10 April 2012

XP: Where Windows and Christ intersect, or why I hate technical support

For those of you of a more technical bent who get drafted into tech support, here is another amusing moment for you. For those of you who aren't so technical, I shall explain the head-to-desk aspect of this story by explaining it again in more common terms.

Behold, Mate O' Mine (which abbreviates to MOM and thus has an Oedipan aspect that is vaguely disturbing) is trying to get her corporate laptop to work on my WLAN so she can try telecommuting for the first time. Said laptop is a rather old Dell burdened with XP Professional and an Intel WLAN card. I figure this can't be hard, right? So I tell her the WLAN's name and password and figure that's that.

But no, Bill G never made anything easy that he could have made mind-bendingly difficult. After all, XP also means Chi Rho, a symbol for Jesus Christ, which fits because I always call His name a lot when using it. Anyway, naturally XP (the system, not the Redeemer) promptly began to opaquely and obstinately insist it couldn't use my wireless network. I finally realized that it hadn't asked her for the network password like any reasonable human being would expect (then again Microsoft engineers are not normally known for being both reasonable and human beings simultaneously, hence they write it to suit other such creatures). Instead, it asked for the wireless router's number from the back of the router itself, not the password. So I grumbled, went to the router and read it off to her, figuring that that should settle it. Happily, the little WLAN icon in the taskbar lit up green. Problem solved.

But no, she then called to me to say that Internet Exploder insisted the computer was not in fact online. I checked the WLAN from my Macbook Pro, worked fine. Checked to see if the Macbook could see the Dell XP laptop. No problem. Checked to see if the Dell could see the router. Yup, no problem. Obviously a problem with the Dell's network settings, probably DNS.

So I go digging, and quickly discover that the XP system is so locked down that I can only aimlessly poke around hoping Bill G will give me a little hint, but nay, 'tis not for mere mortals without admin access. I try everything I can think of, but the little bugger won't load a website outside the WLAN – it would load pages from my router's web server and from the Macbook, but as soon as it had to venture out into the big bad Internet, it would quail in fear and poot little bits of data into its pants while refusing to say (or unable to say out of sheer terror) just WTF the problem was.

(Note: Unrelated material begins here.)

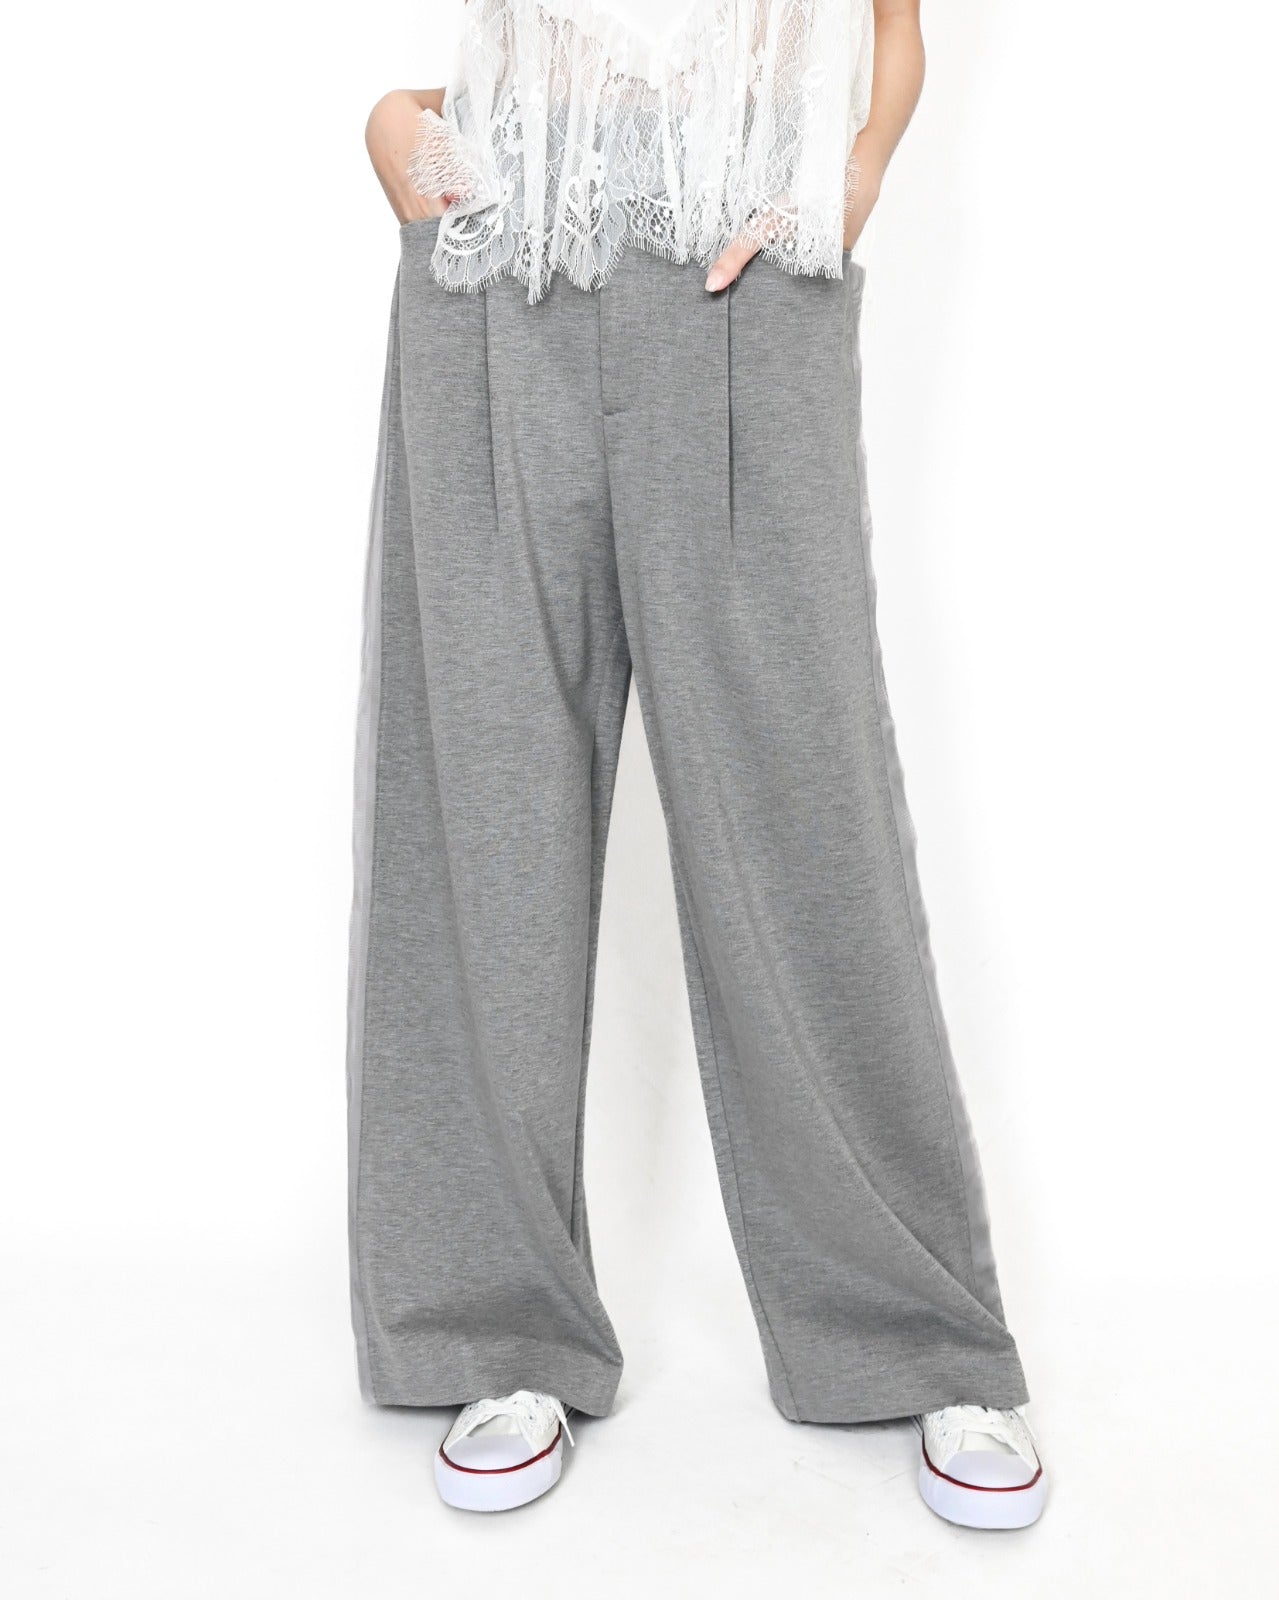 aalis TESS side mesh trim knit pants (Heather grey)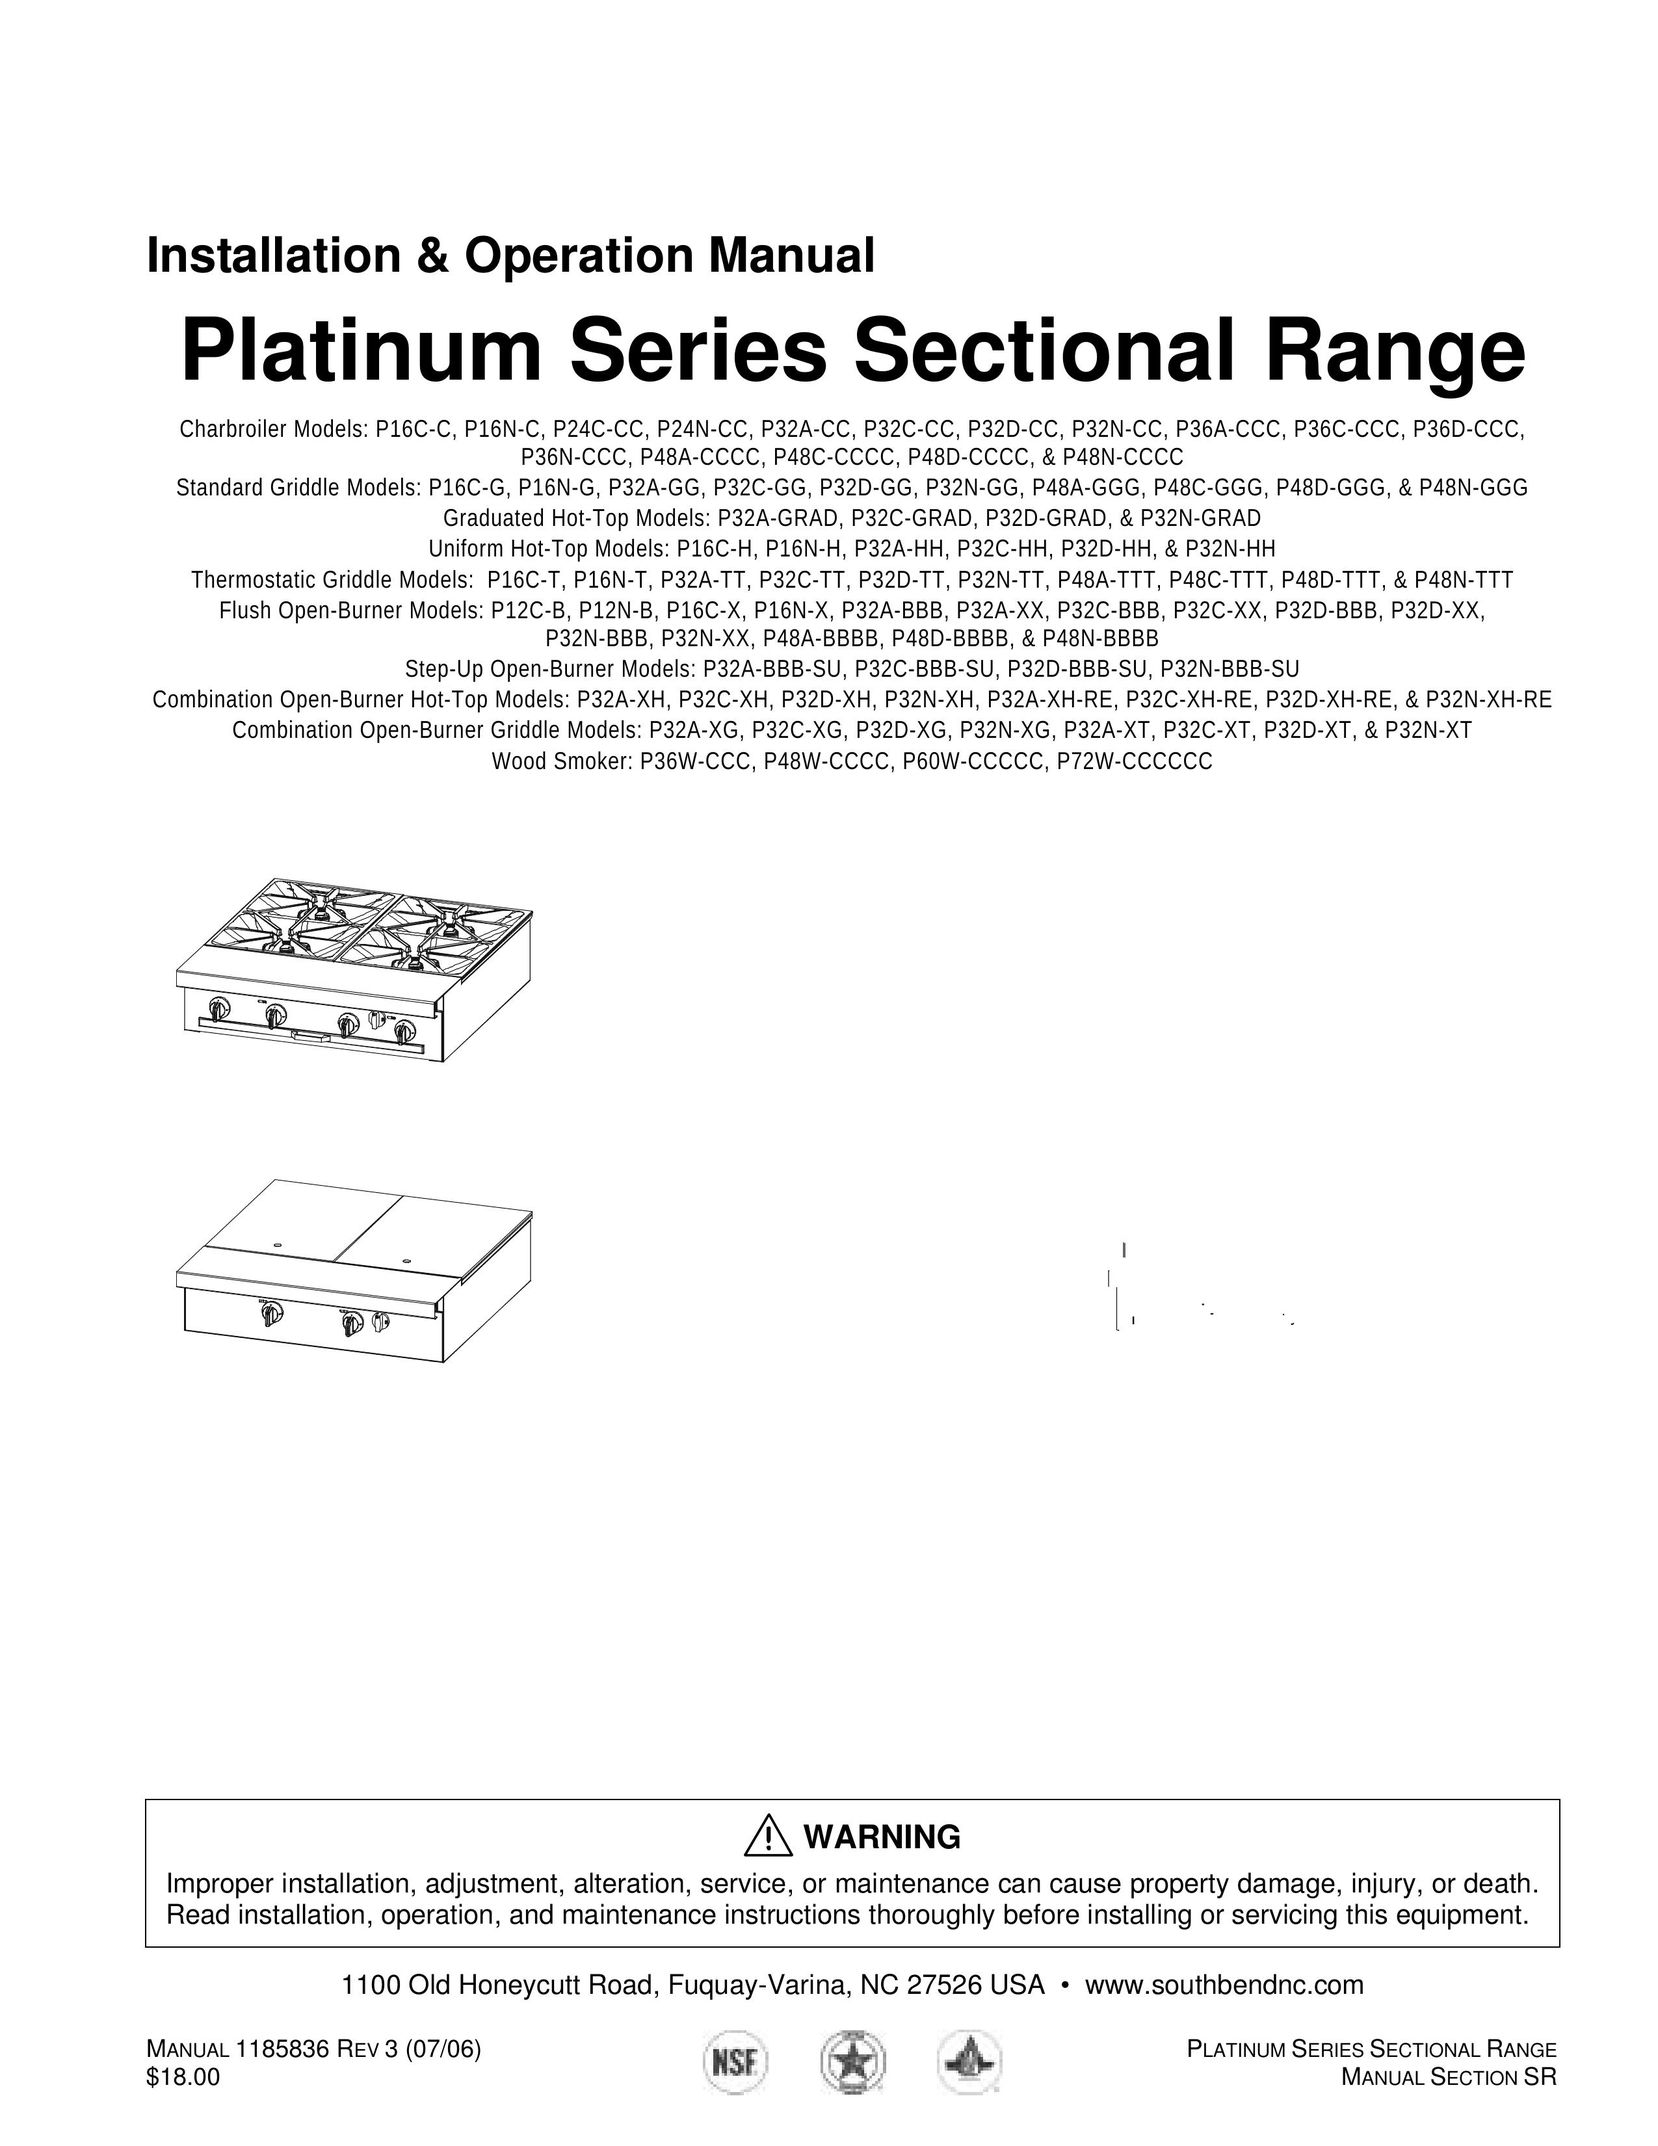 Southbend P16C-H Range User Manual

Then the love of my life pipes up and says she maybe needs to activate the VPN they told her about.

And there was much heading-to-desking.

For you see, dear non-versed in the technical plane, this is equivalent to her calling to me to say the car doesn't work at all, so I go out to look at the engine (and find the hood welded shut), feel around with my fingers along the fuel line and exhaust and such, getting myself all worked up and frustrated and annoyed, and then she says from the cockpit that maybe she should turn this key thingy the car dealer gave her.